As a member of the dispersed community of Brendan the Navigator, I’m going to allow the saint’s life to guide my further reflections.  Brendan is an excellent exemplar of a pilgrim as he spent much of his 94 years on pilgrimage, mainly by the sea, while founding monasteries across Ireland, Scotland, Wales and Brittany.  His most famous voyage was across the Atlantic in search of the Land of Promise of the Saints.  His travels have caught the imagination of many, some of whom have even tried to re-enact this courageous voyage.  But it is always the person of Brendan that draws me in, and Archbishop Simms suggests that the saint’s ‘gifts included his courage, his faith, his vision, his love of people, his inspired leadership, his skills in seamanship, his compassion, his cheerfulness and, we might add, his sense of humour.’[3]  All these traits would make great companions on any pilgrimage.
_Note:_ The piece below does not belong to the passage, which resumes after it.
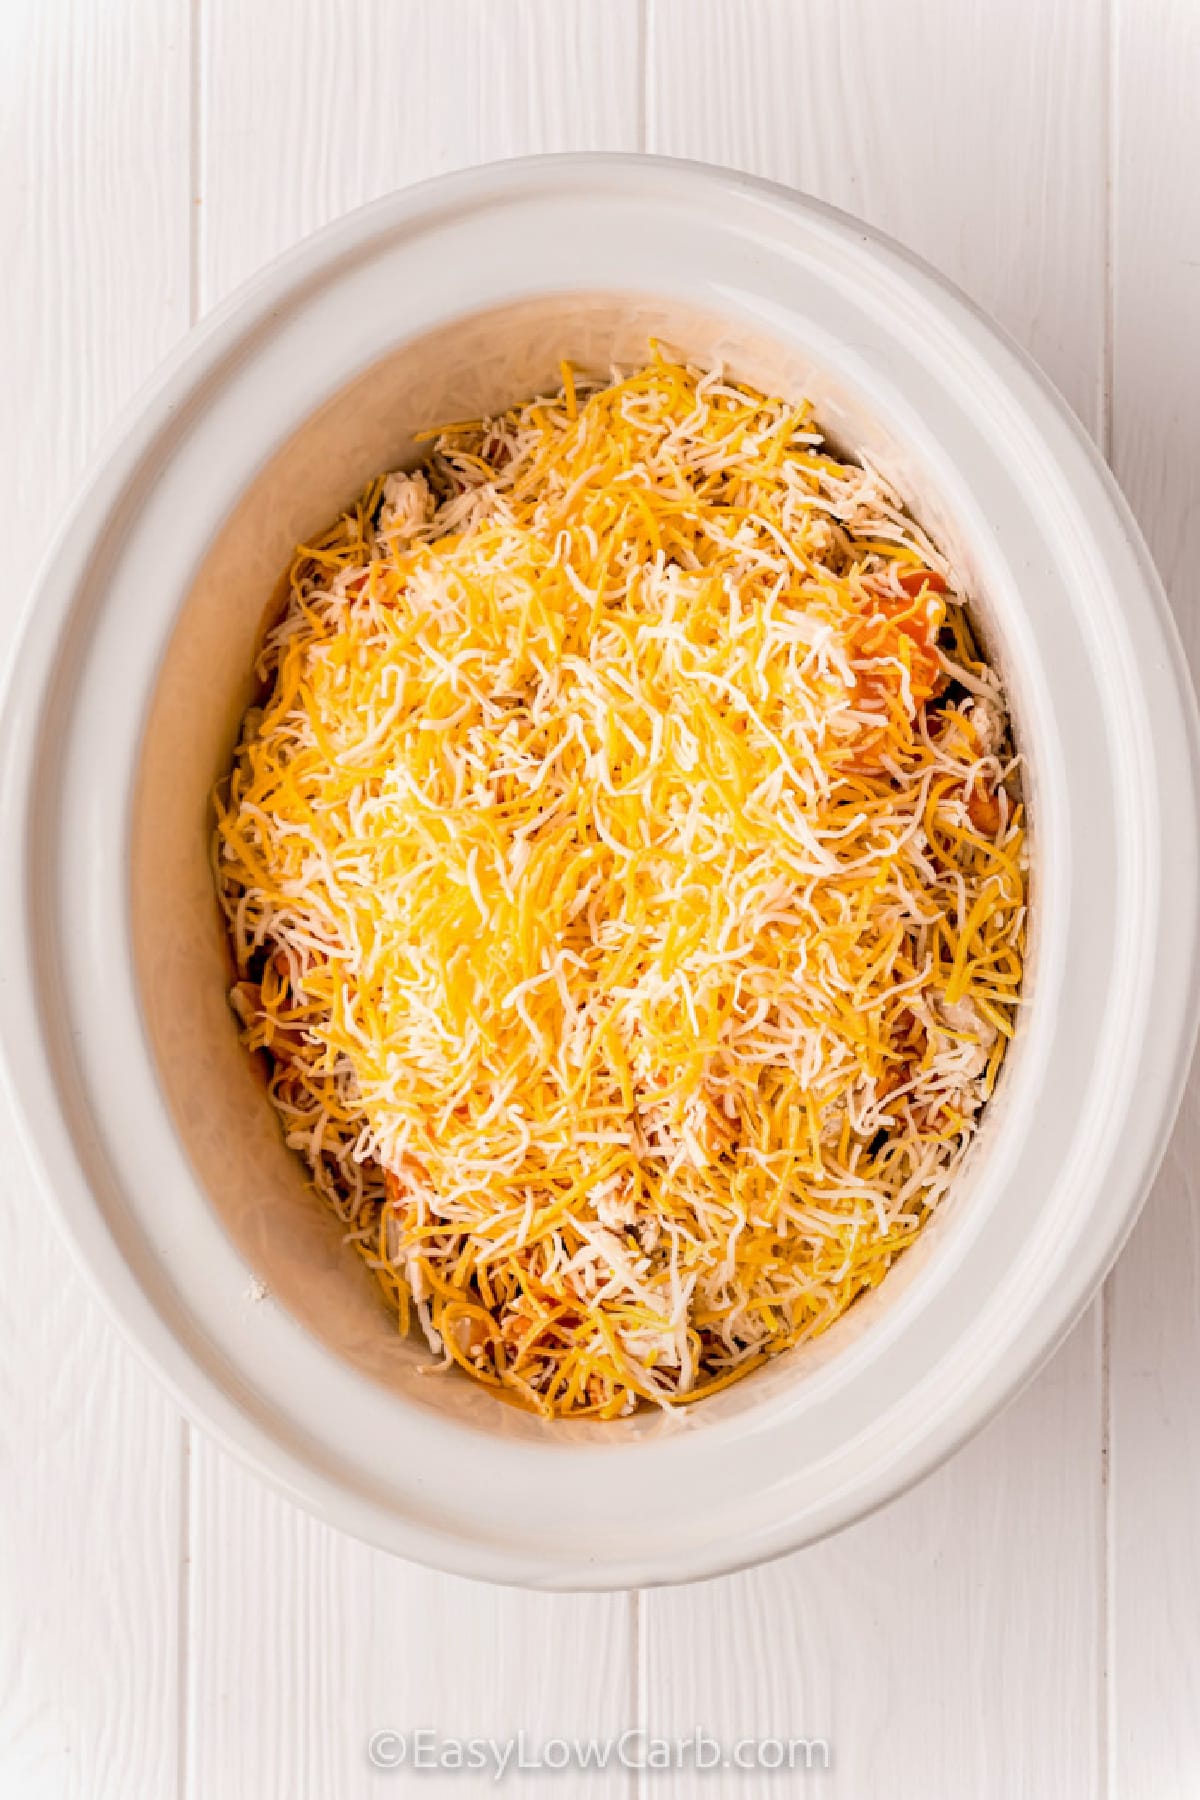 shredded cheese added to the other ingredients in a crock pot to make crock pot buffalo chicken dip recipe
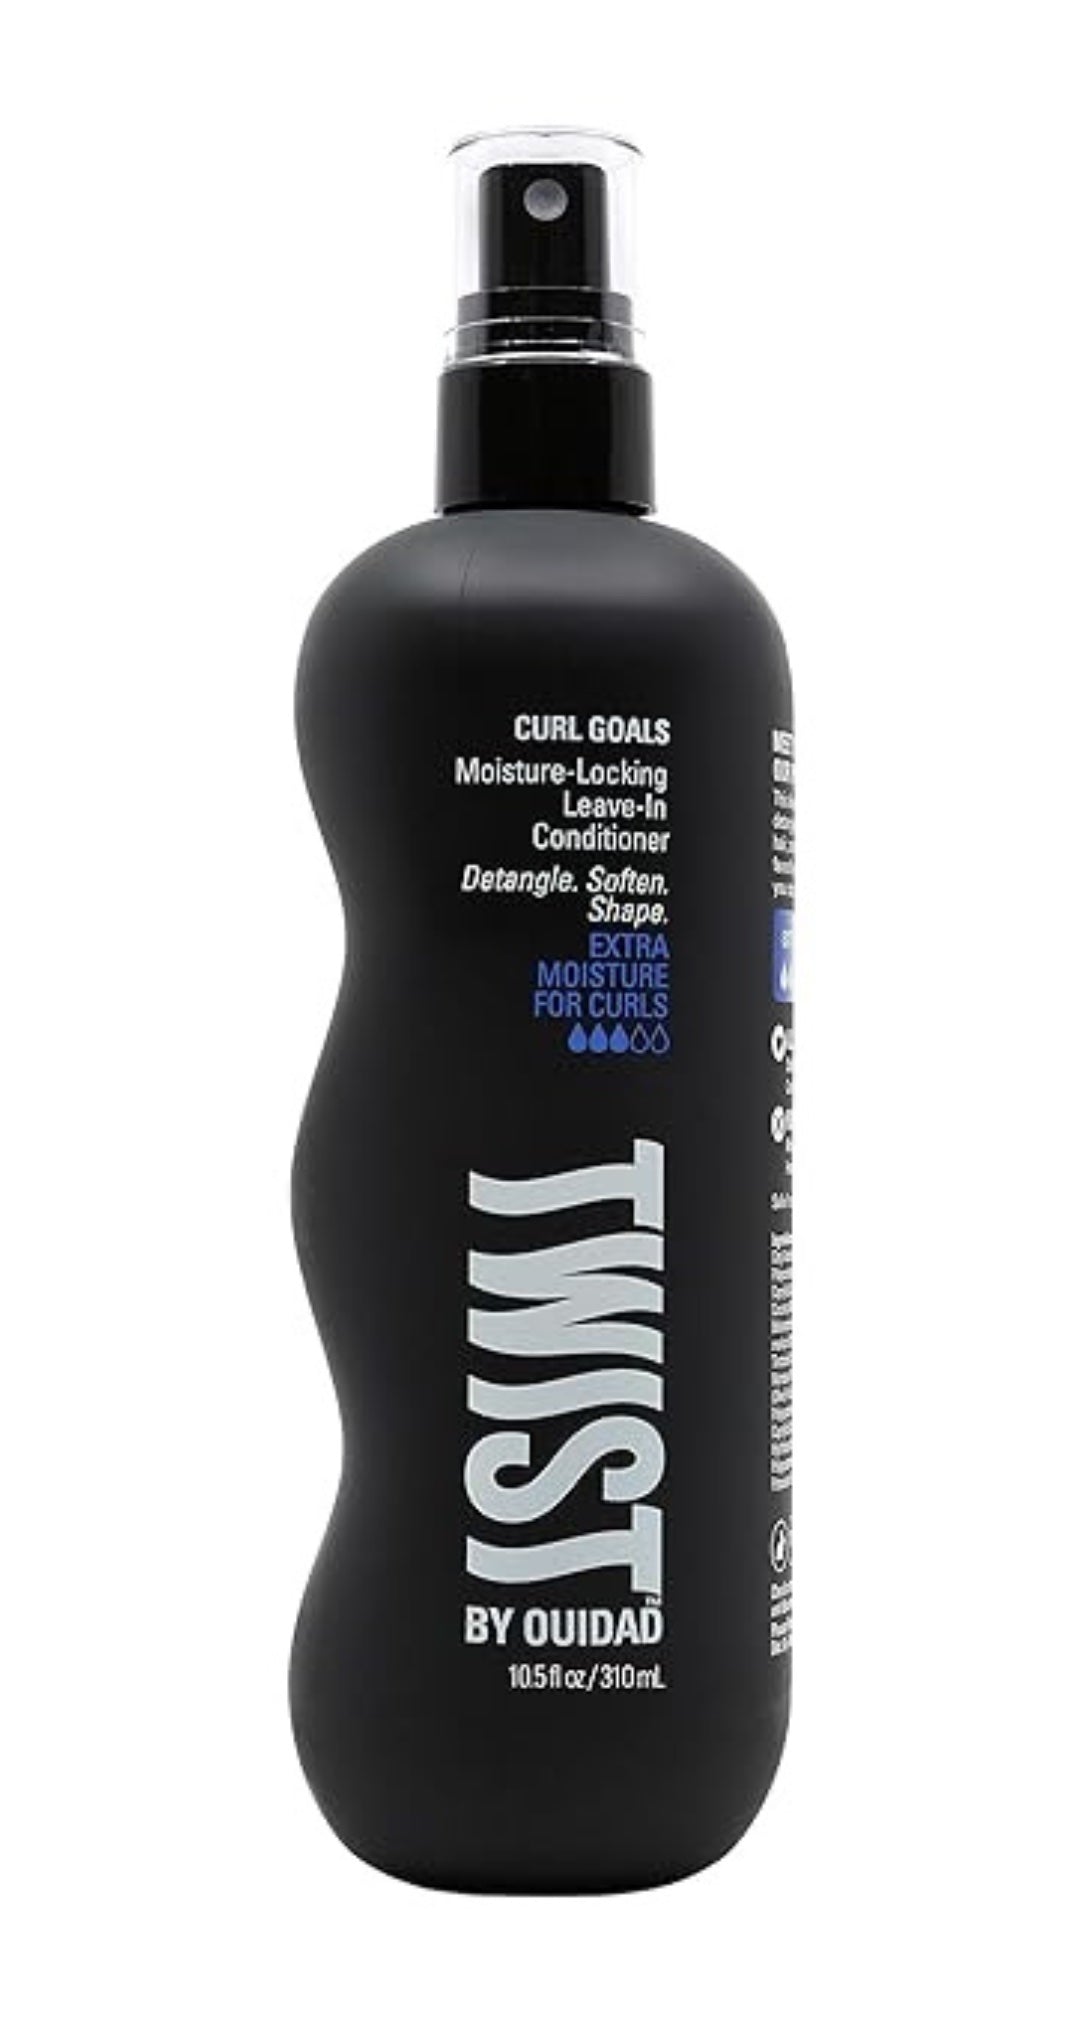 TWIST, BY OUIDAD - Moisture Locking Leave-In Conditioner

There are three things I’d like to share with you now.  These are drawn from the advice which St. Ita gave to her pupil St. Brendan (484-578) and to the many other saints who she nurtured in Killeedy.  She is sometimes referred to as the ‘Foster Mother of the Irish Saints’ and instilled in her pupils three maxims for the life of faith: True faith in God with purity of heart; Simplicity of life with religion, and Generosity with love.  How might these relate to pilgrimage?

‘TRUE FAITH IN GOD WITH PURITY OF HEART’

Pilgrimage is firstly an attitude of indifferent openness which desires freedom.  Ignatius of Loyola speaks of ‘indifference’ as the possessing of inner freedom and intuitive balance.  The word ‘indifferent’ is a little troublesome today as it can make us think of lack of interest or being lethargic.  What he means is that we seek God’s will by being free to make choices according to divine guidance.  This kind of detachment means that we are both ‘free from’ and ‘free for’.  ‘Free from’ refers to all that holds us back whether these are addictions, self-limiting thoughts, entanglements of various sorts and all that keeps us from feeling whole.  ‘Freedom for’ is one of the exciting things about pilgrimage as we dream of what can be and who we can become.  We can wonder what God’s dream might be for me, or to what adventures I am being invited.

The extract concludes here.